Kelly and Giffords, who survived a 2011 shooting, have been active on the campaign trail for months in areas with contested midterm elections. She endorsed a endorsed a bevy of candidates, including Lizzie Pannill Fletcher, the Democrat lying to unseat Rep. John Culberson, R-Houston, in a race viewed as key to Democrats’ chances of gaining control of the House.
The pair is stumping for Fletcher Saturday and, through Giffords’ political action committee, funded a TV ad that is critical of Culberson’s stances on gun control. They were joined Friday night by survivors of school shootings in Santa Fe and Parkland, Fl., who spoke with Vox senior media correspondent Liz Plank for about 45 minutes before a crowd of more than 200 at UH’s Hilton Hotel.
The panel included Megan McGuire, a student at Santa Fe High School, where eight students and two teachers were shot and killed in May. Though McGuire, 17, is not old enough to vote, she joined her fellow students to urge support for candidates who support stricter gun control.
“I’m here because I realize that if we don’t do something about it now, it’s not going to happen,” McGuire said. “We have to change this epidemic and nip it in the bud immediately.”

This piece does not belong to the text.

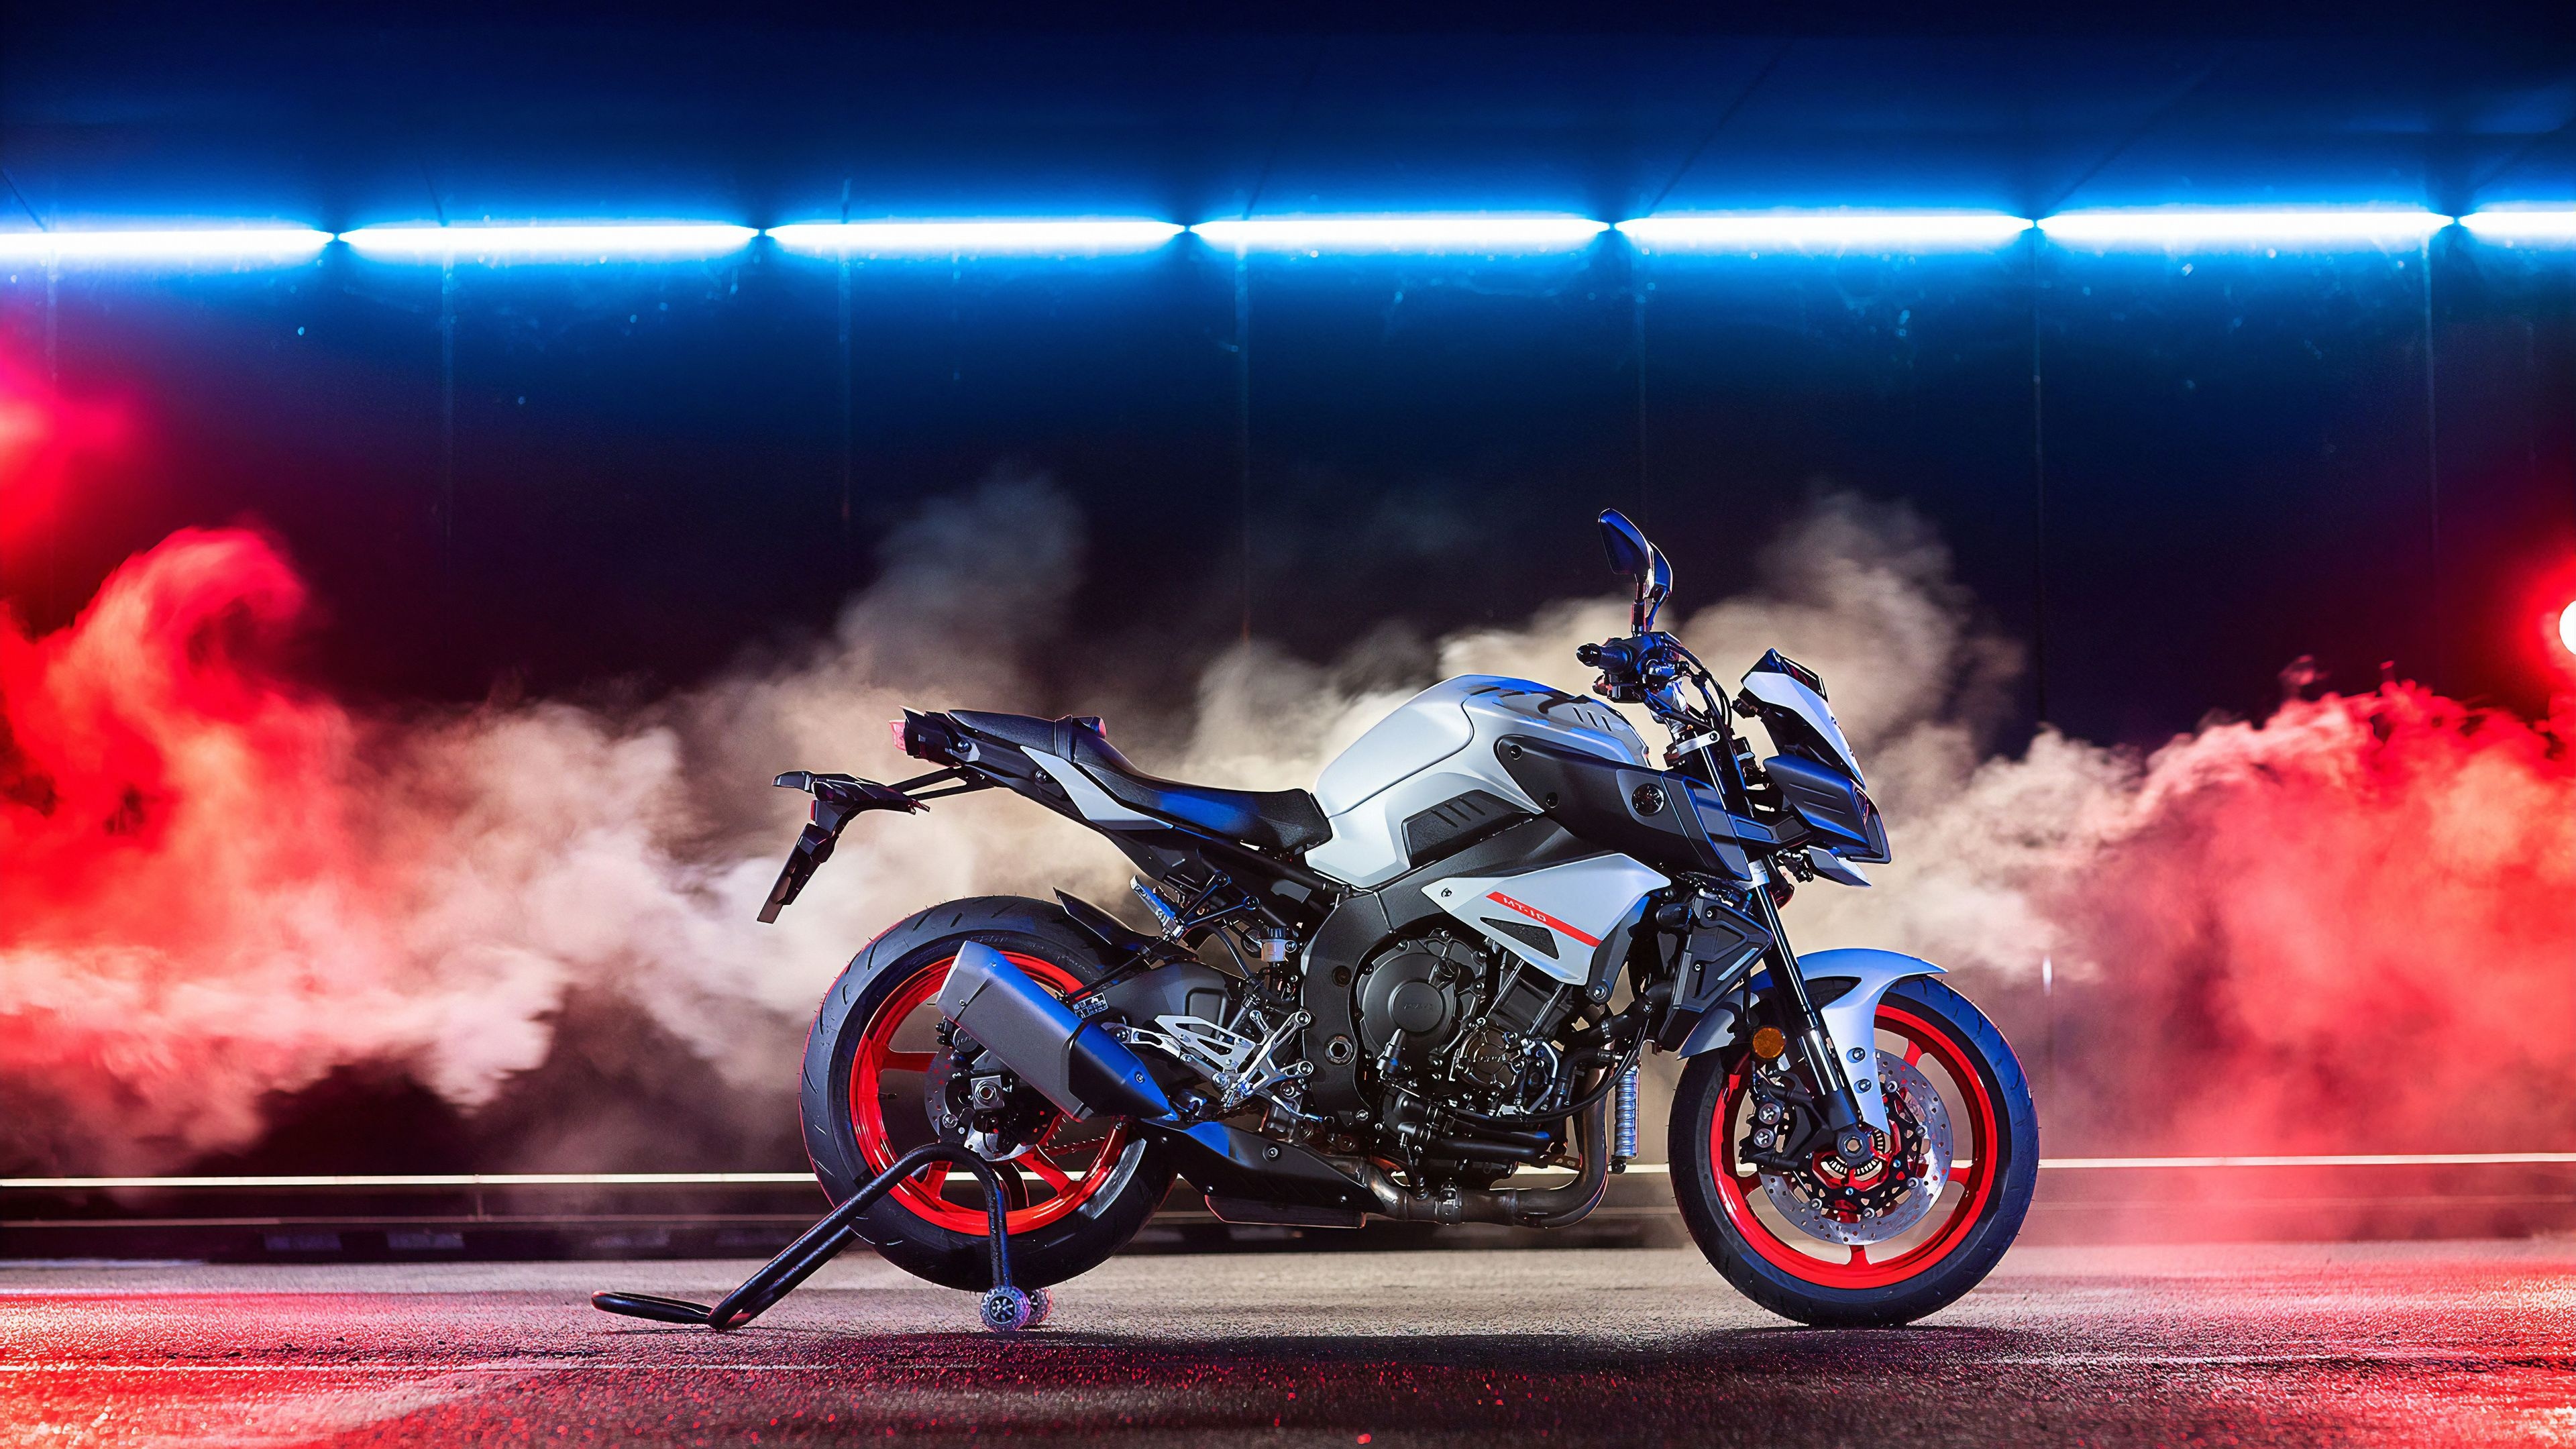 Yamaha MT-10, High-definition wallpapers, Powerful street fighter, Exceptional performance, 3840x2160 4K Desktop

Though Texas Democrats are targeting a handful of Republican-held House seats, much of the national attention has centered on the Senate race between incumbent Republican Ted Cruz and Democrat Beto O’Rourke.
Hogg was critical of Cruz in a brief interview before the event, taking issue with his opposition to universal background checks and funding for gun control research.

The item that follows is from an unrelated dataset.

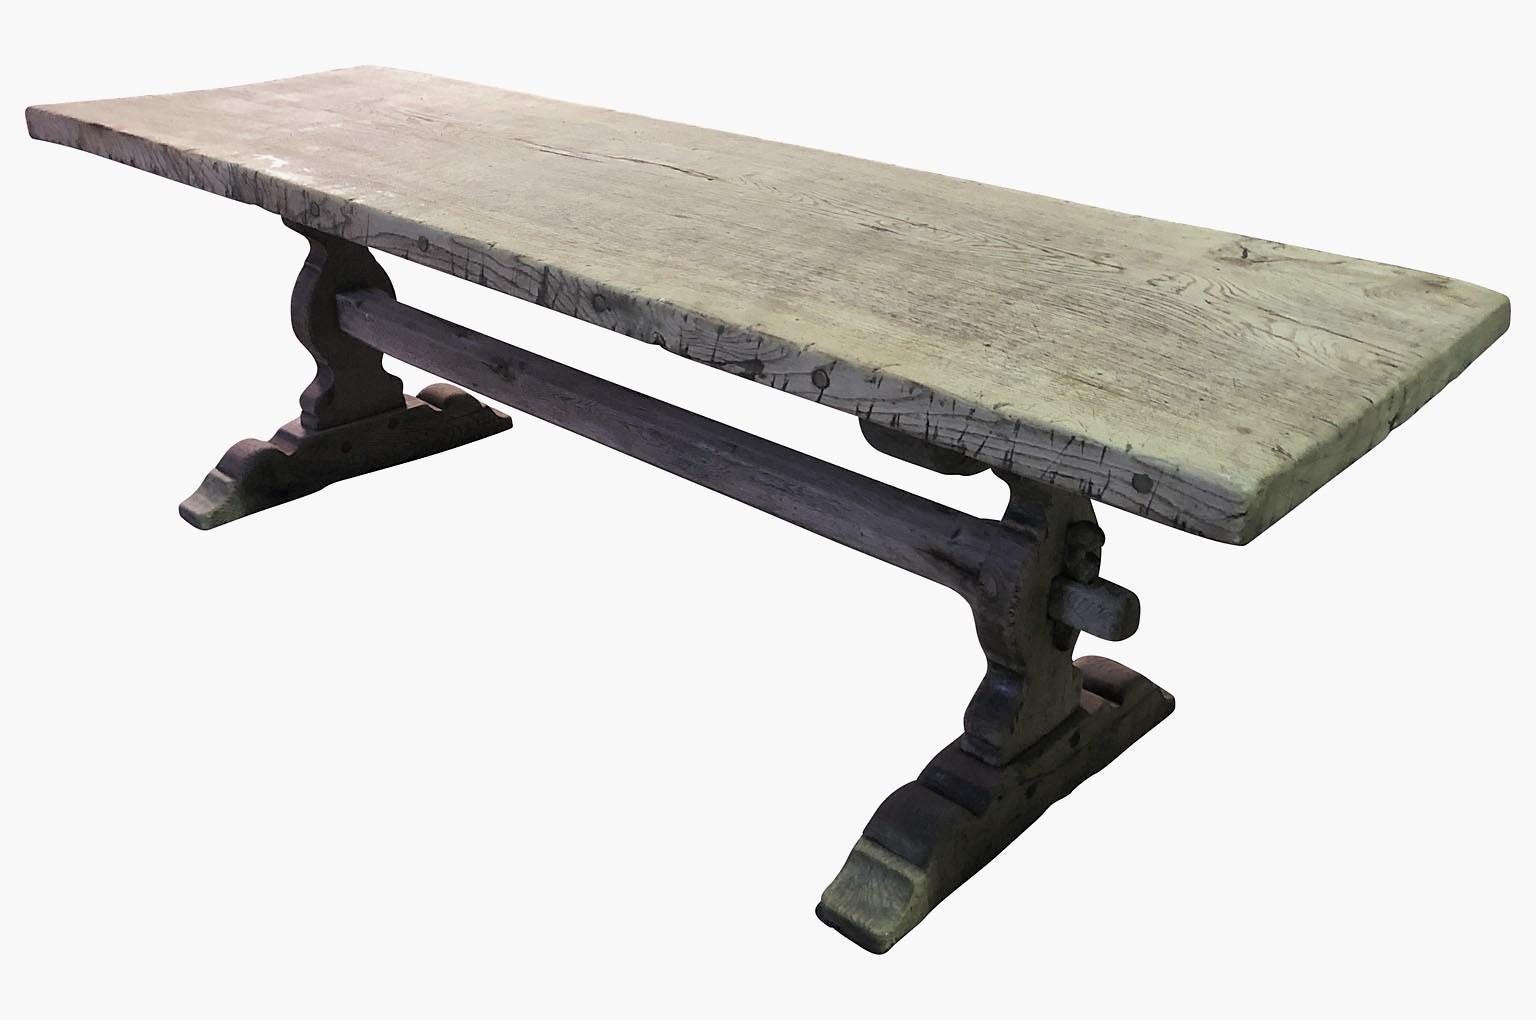 A wonderful mid-19th century farm table - Trestle table from the Provence region of France. Soundly constructed from washed oak with beautifully sculpted legs and a very thick solid board top. Great patina.

Hogg, asked about advocating gun control in a state that has been hostile to statewide candidates who support tighter firearm restrictions, said he has sought to reframe the conversation.
“Is Texas pro-safety? That’s the question that you need to ask,” he said. “The way that we advocate for what we talk about is in the same way that people that advocated for advocated for safer cars and roads weren’t anti-car or pro-car. We’re not anti-gun and pro-gun, we’re pro people not dying.”
Kelly said he talks to people who are critical of gun-control measures by first gathering what they do and don’t know about gun restrictions.
“It’s rare that people understand our gun laws, whether they’re federal or state,” he said. “So you often find people who feel that they are pro-gun rights and supportive of the ease of getting firearms, without realizing how easy it actually is for people who are criminals or domestic abusers or suspected terrorists.”
The former astronaut said he had not seen a recent TV ad that criticized Culberson for backing projects that would explore Europa, a Jupiter moon that scientists say could have the ingredients needed for life.
Fletcher has tied Culberson’s interest in space exploration to flood control, suggesting that he cares more about life away from Earth. Culberson has pushed back, citing his work on flood control, and shared a story on social media Friday that was critical of Fletcher’s statements about NASA.
Meanwhile, several local officials attended the event, including state Sen. Sylvia Garcia, a Democrat who is widely expected to win her open race Tuesday for Texas’ deep-blue 29th Congressional District.
“Moms are tired of it. Responsible gun owners are tired of it,” Garcia said of gun violence. “Most Texans just want to be able to do their hunting, which is the way I grew up in South Texas (on a farm). I still own a shot gun. I have one at my house right now.”